The RNA genome of HCoV-NL63 is 27,553 nucleotides in length. The 5′ two-thirds of the genomic RNA contains two open reading frames (ORF1a and ORF1b) that are joined by a ribosomal frameshift sequence and encode the replicase polyproteins. Four viral structural proteins, spike (S), envelope (E), membrane (M), and nucleocapsid (N), and one accessory ORF protein, termed ORF3, are encoded downstream of the replicase (45, 62). Analysis of susceptibility to infection showed that HCoV-NL63 uses angiotensin-converting enzyme 2 (ACE2), the SARS-CoV receptor, as the cellular receptor to infect host cells (24, 25).

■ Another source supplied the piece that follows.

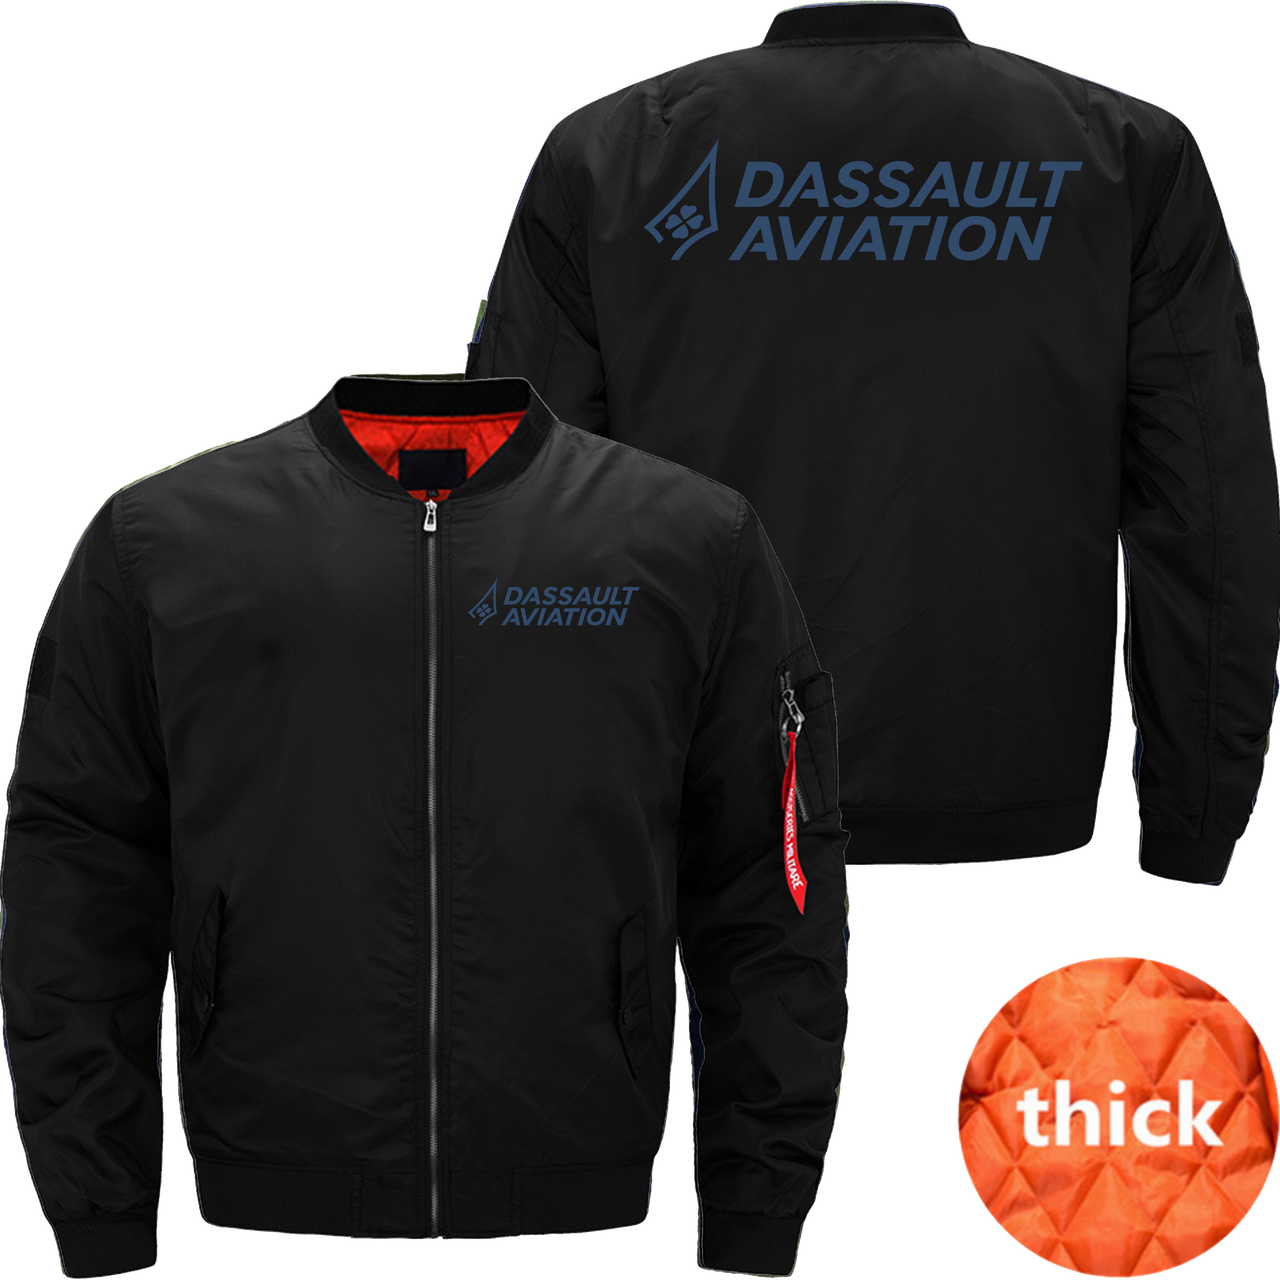 Dassault aviation Jacket
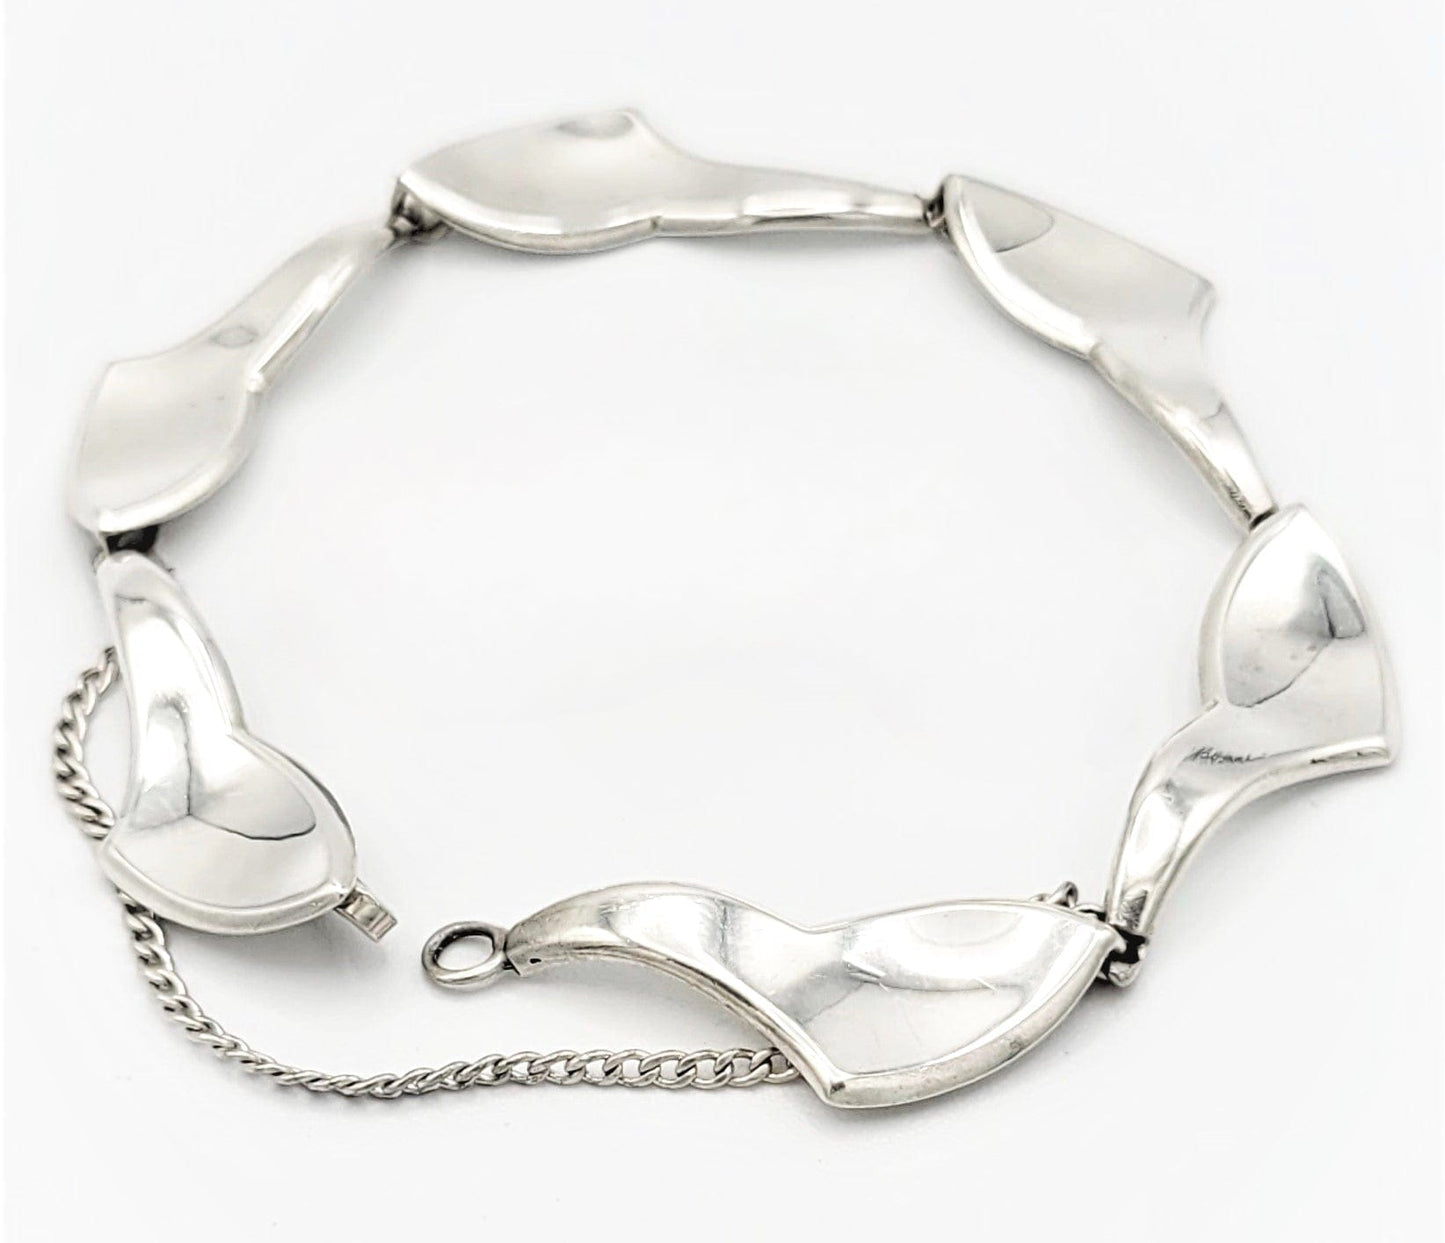 A & K Denmark Jewelry Aarre & Krogh Denmark Sterling Silver Mid Century Modernist Bracelet Circa 1960s

Once a CoV enters the cell, the genomic RNA is released into the cytoplasm and translated to generate two polyproteins, pp1a and pp1ab (70). In most CoV, pp1a contains three viral proteases: two papain-like proteases (PLP1 and PLP2) and a picornavirus 3C-like protease (3CLpro). SARS-CoV, infectious bronchitis virus of chickens, and some bat CoV are distinct in that they have only one PLP, PLpro (33, 34, 38, 60). Analysis of proteolytic processing of several CoV has revealed that the replicase polyproteins pp1a and pp1ab are processed cotranslationally and posttranslationally by the viral proteases to generate as many as 16 nonstructural proteins (nsp's), which subsequently assemble with the endoplasmic reticulum membranes to form the replicase complex, which participates in subgenomic RNA synthesis (19, 20, 42, 54). Proteolytic processing of the CoV polyprotein by proteases is essential for correct localization and function of the replicase proteins and ongoing viral RNA synthesis and virus replication (31). Thus, CoV proteases are attractive targets for the development of antiviral drugs for reduction of viral replication and pathogenicity.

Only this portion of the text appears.